Après sa période de gloire dans les années 2000, on ne peut pas franchement dire que la scène aggrotech connaît le même succès qu'à l'époque de MySpace. Pourtant, en plus des inusables vétérans qui continuent à faire leur petit truc dans leur coin, on a observé ces derniers mois une vague de nostalgie pour le genre : Dawn of Ashes et Aesthetic Perfection y revenaient alors qu'Unter Null faisait enfin son retour... Les Polonais de H.EXE, eux, s'éveillent d'un profond sommeil de plus de dix ans avec Anthems of the Unseen Tide, dont l'artwork et la pochette devraient déjà vous mettre la puce à l'oreille : voilà qui sent bon la Nouvelle-Angleterre, les tentacules et les horreurs indicibles ! Leur album précédent s'achevait d'ailleurs par The Music of Erich Zann, hommage évident au maître de Providence...

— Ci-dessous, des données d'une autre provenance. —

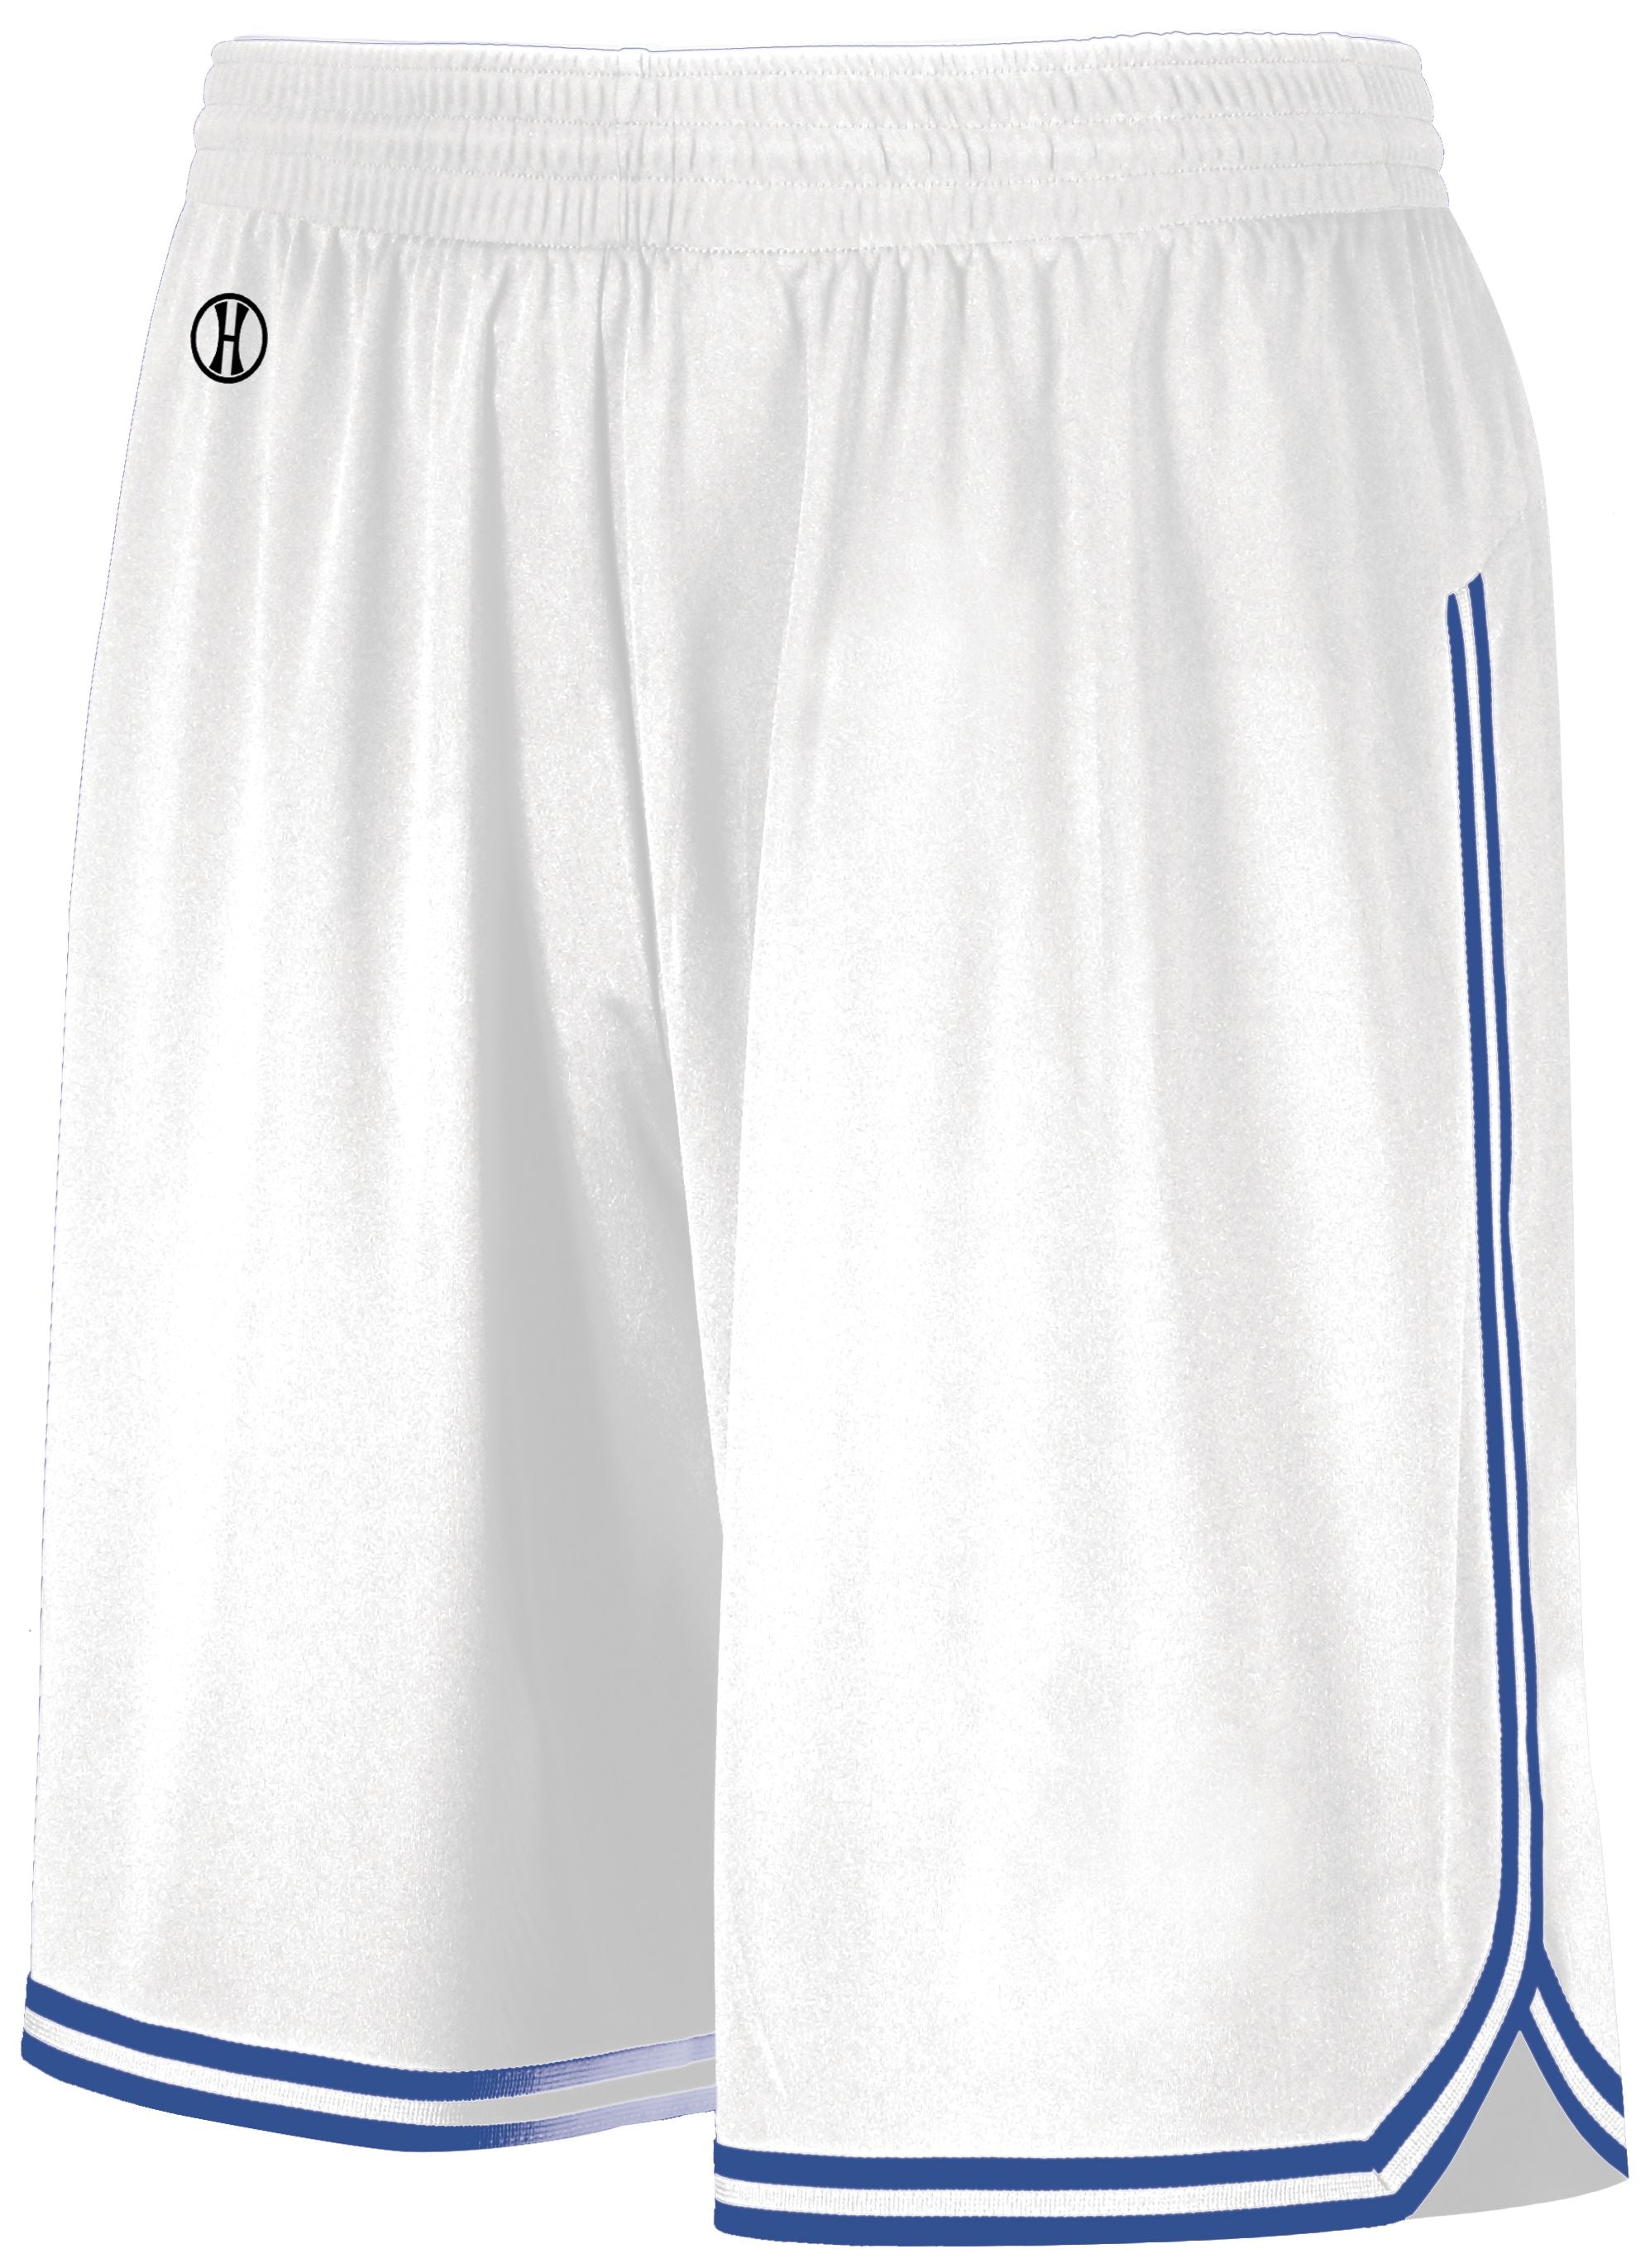 Holloway Retro Basketball Shorts in White/Royal  -Part of the Adult, Adult-Shorts, Basketball, Holloway, All-Sports, All-Sports-1 product lines at KanaleyCreations.com

Nous n'irons pas jusqu'à oser imaginer Lovecraft avec de fausses dreadlocks fluos en train de nous faire sa meilleure variante de la tecktonik sur un mix eurodance blindé de distorsion. Il peut se passer des choses en une décennie et H.EXE aujourd'hui, sous l'influence corruptrice du temps et des murmures de Grands Anciens, a muté. Les guitares méchantes ont fait leur apparition, ce que l'on constate dès At the Threshold : les incantations saturées d'Odo mordent toujours, la froideur des synthétiseurs imposent cette teinte horrifique clinique... et des gros riffs qui castagnent viennent alourdir le tableau. Malin, H.EXE a toujours su éviter les clichés les plus navrants du genre en ayant gardé une approche où la noirceur et l'agressivité passent avant les gimmicks musicaux paresseux et les couleurs trop chatoyantes.
Anthems of the Unseen Tide porte bien son nom : ramassé sur une grosse demi-heure, l'ensemble enchaîne les hymnes méchants et intenses. On y apprécie les mélodies sinistres minimalistes qui donnent leur tonalité horrifique aux morceaux et font respirer entre deux assauts de guitare (Sunless Tides, Elder's Lair qui aurait tout à fait pu assumer son début de grandiloquence symphonique !). La cadence ne ralentit qu'en fin de course avec Sphere on Sphere, où le cosmicisme et les ténèbres abyssales rampent avec une lenteur apocalyptique forte en évocations : les ruines de cités aux angles impossibles se faisant alors le dancfloor idéal. On peut s'amuser du décalage entre l'univers lovecraftien, très connoté fin XVIIIème / début XXème siècle, et la modernité du son, créant un anachronisme finalement pas déconnant : les lois du temps et de l'espace sont tordues sous l'action de quelque entité innommable ! Les titres des morceaux sont scandés en boucle pendant les refrains, ça rentre facilement en tête, la lourdeur de la guitare enfonce le clou sans fausse pudeur ni subtilité factice. H.EXE rentre dans le lard avec un premier degré, une générosité et une énergie qui réjouissent et nous plonge dans un univers qui, à l'image de leur nom, mélange mysticisme et esthétique cyber.
Il y a un twist dans Anthems of the Unseen Tide : H.EXE a certes évolué mais n'a pas oublié ses racines et chaque titre est disponible sous deux versions : Initial et Legacy, ces dernières laissant de côté le metal industriel pour rappeler l'electro-dark moderne des précédents albums. Un choix qui, étonnamment s'avère plutôt pertinent car il permet justement de mettre en valeur le travail sur les atmosphères en proposant des versions moins bourrines mais également plus menaçantes, plus lentes une fois privées de leurs riffs explosifs. De ces versions plus dépouillées, on apprécie par exemple la théâtralité de The Old Museum ou la tonalité hypnotique que prend That Thing Within.
De plus, en ayant opté pour un ensemble relativement court et misant sur une efficacité permanente, H.EXE peut se permettre le luxe de nous balancer chaque malédiction deux fois car tout cela défile à une allure qui nous protège d'une lassitude prématurée ou des courbatures ! Du gros boum-boum, des guitares méchantes, Lovecraft et des artistes qui, plutôt que d'opter clairement pour une orientation musicale, nous laissent la possibilité de choisir notre camp : parfois, il faut savoir apprécier les plaisirs simples, surtout quand c'est fait avec autant d'enthousiasme et de savoir-faire qu'ici.